** AVAILABLE DATA **
════════════════════

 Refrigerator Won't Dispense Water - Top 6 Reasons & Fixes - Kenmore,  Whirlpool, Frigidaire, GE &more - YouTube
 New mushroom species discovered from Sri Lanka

════════════════════

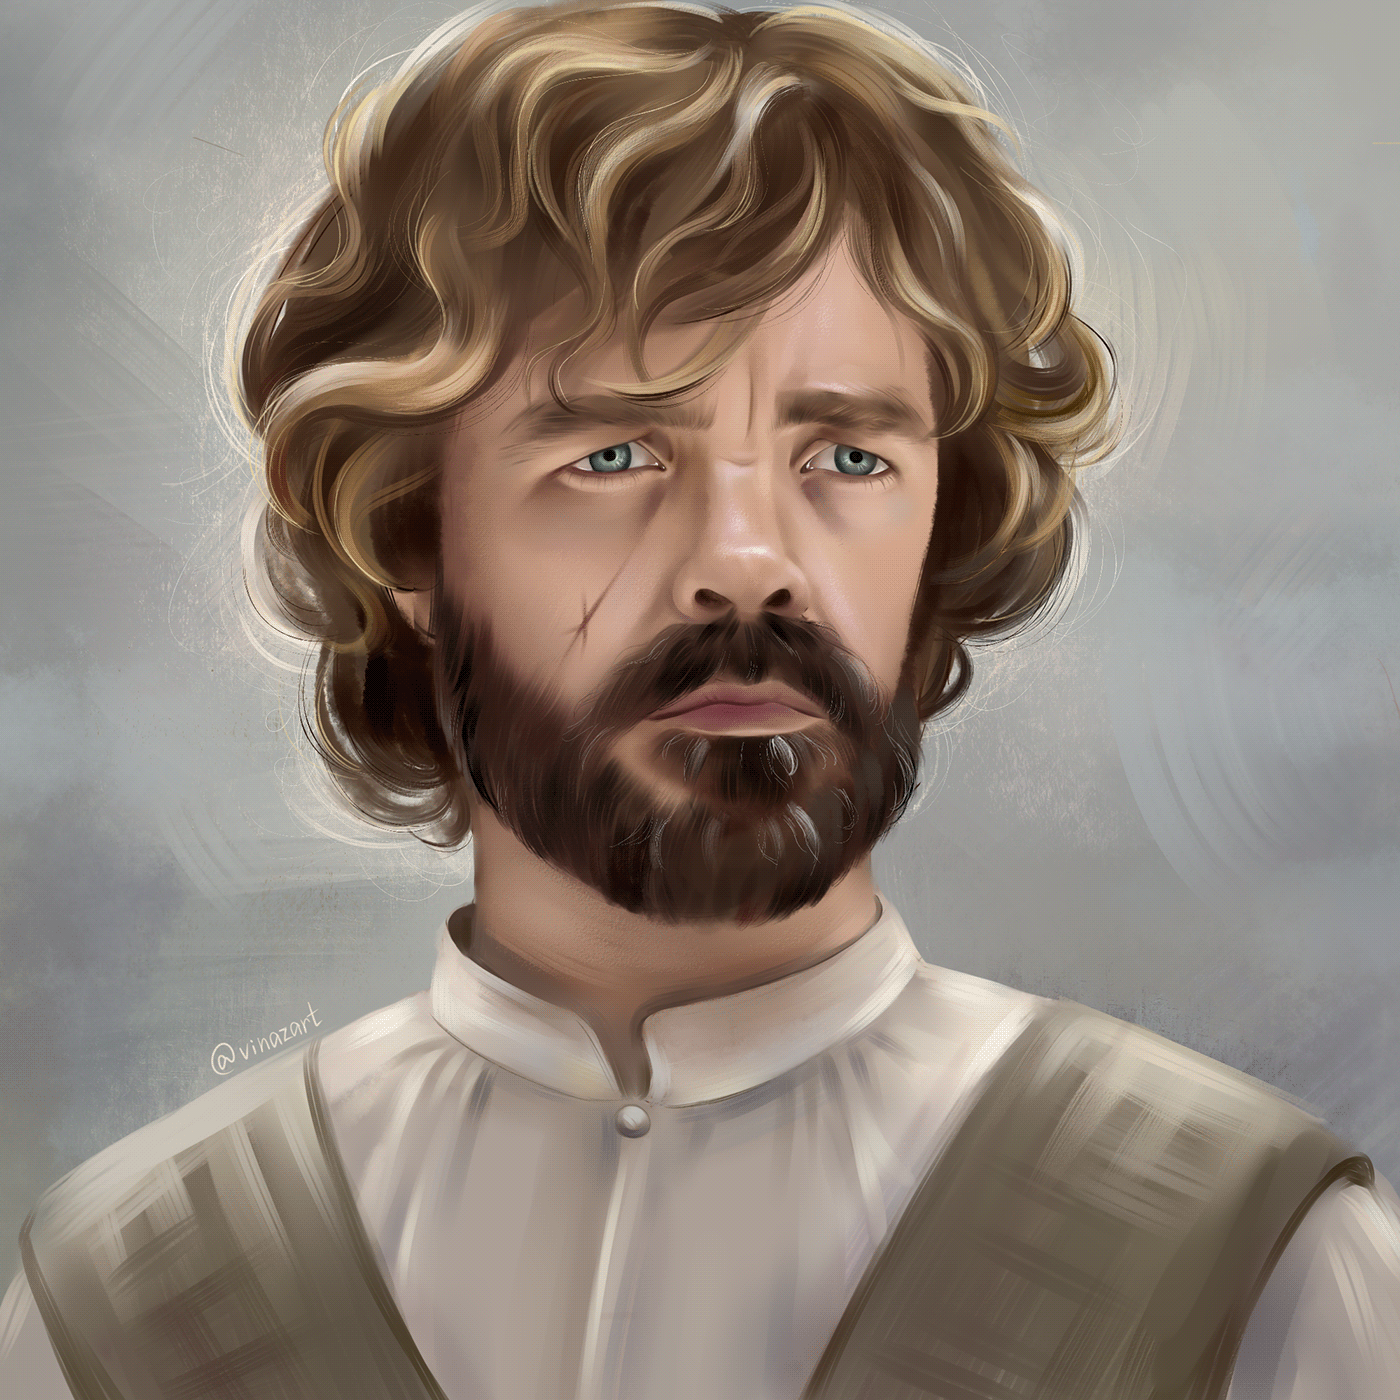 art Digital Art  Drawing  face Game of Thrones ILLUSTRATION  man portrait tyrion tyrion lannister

════════════════════

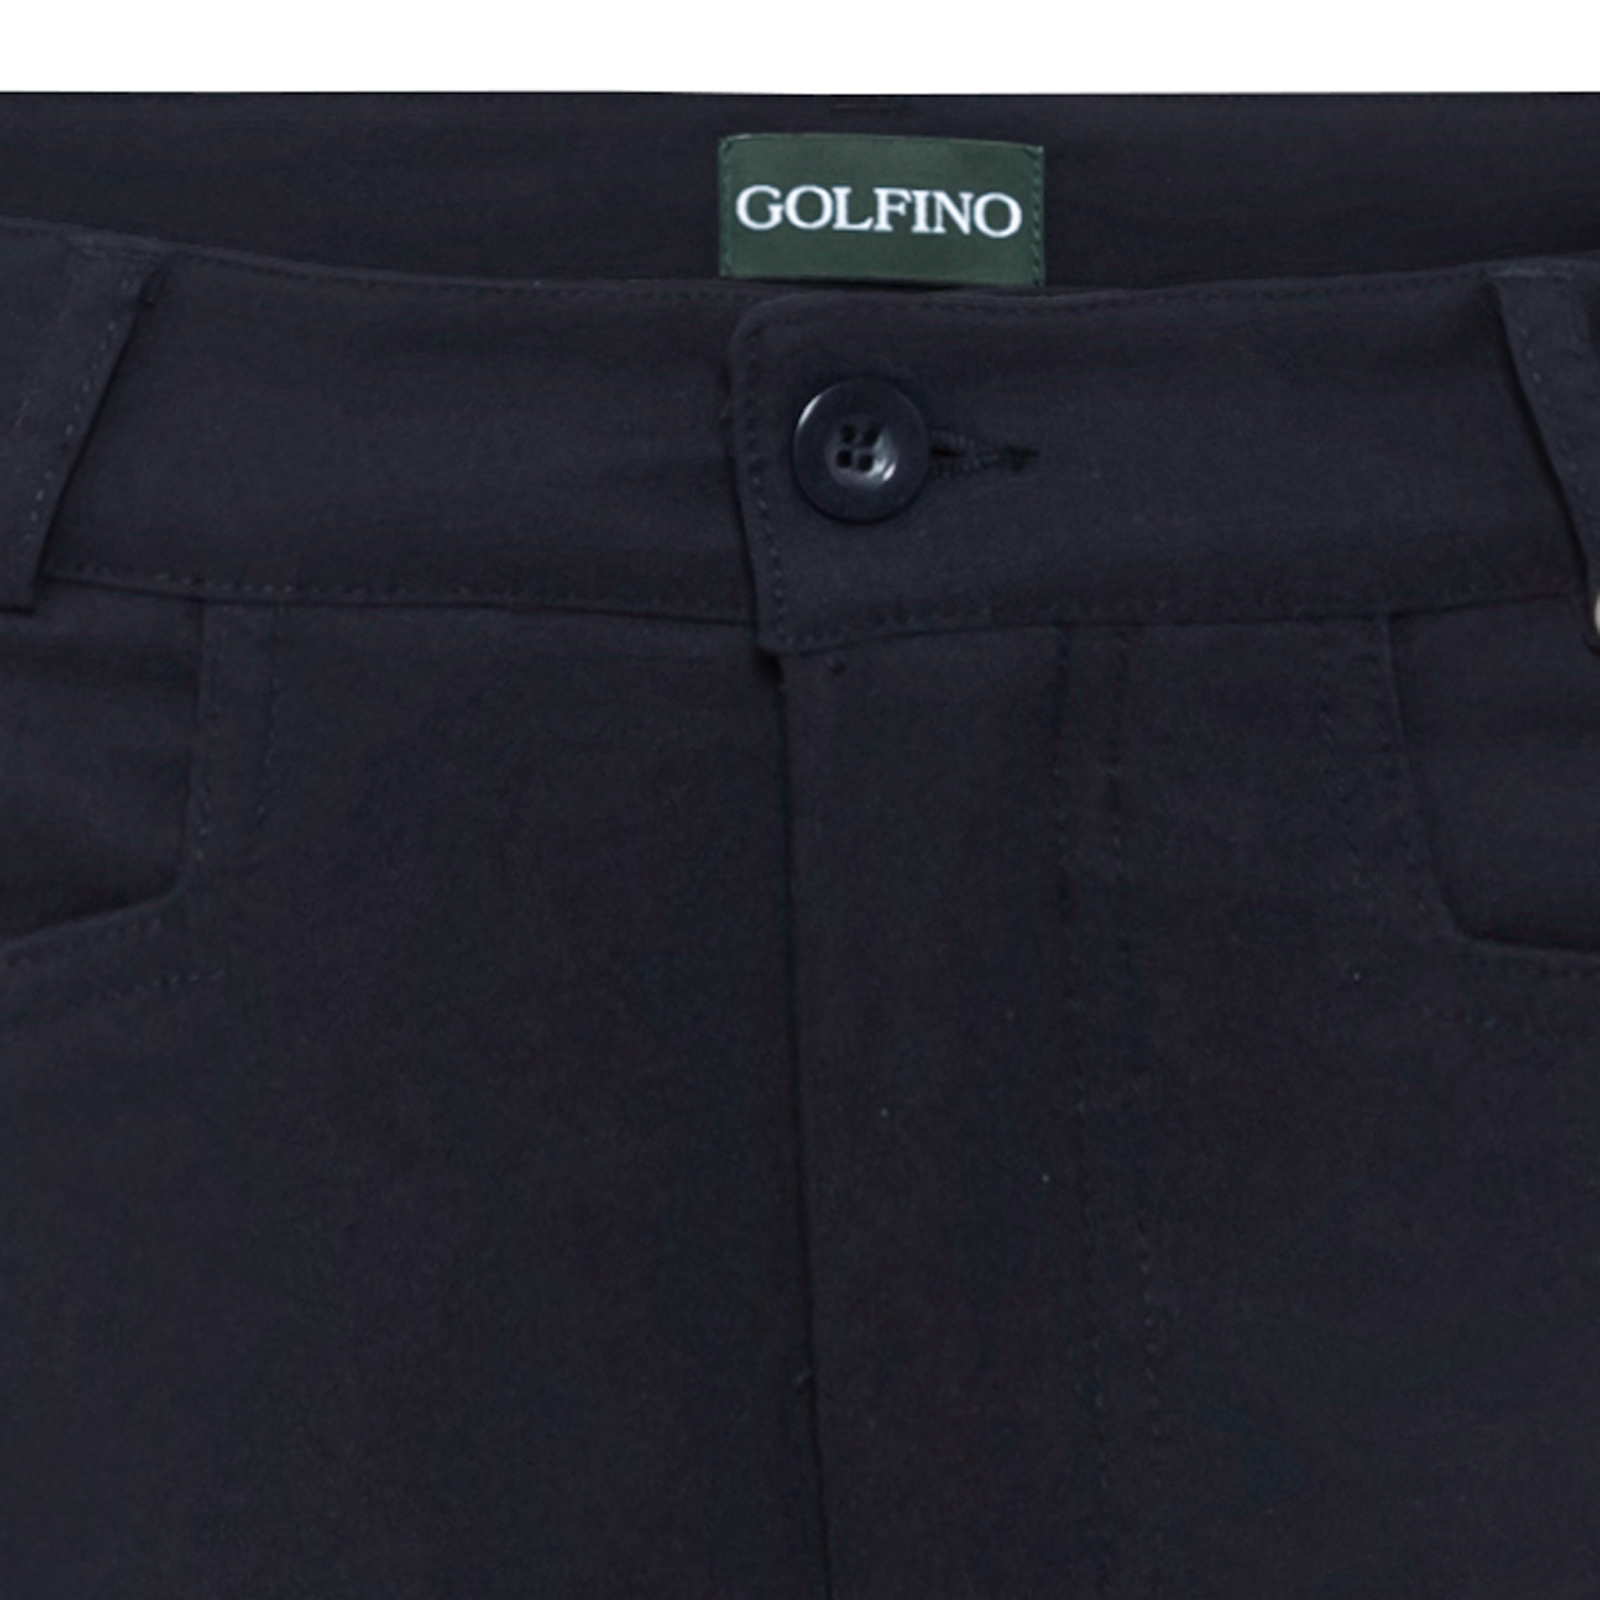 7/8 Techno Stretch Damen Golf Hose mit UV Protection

════════════════════

** THE TASK **
Everything above from the line with "Refrigerator Won't Dispense" to the line with "New mushroom species", both included, must be repeated exactly, and nothing outside that range.

** RESULT **
 Refrigerator Won't Dispense Water - Top 6 Reasons & Fixes - Kenmore,  Whirlpool, Frigidaire, GE &more - YouTube
 New mushroom species discovered from Sri Lanka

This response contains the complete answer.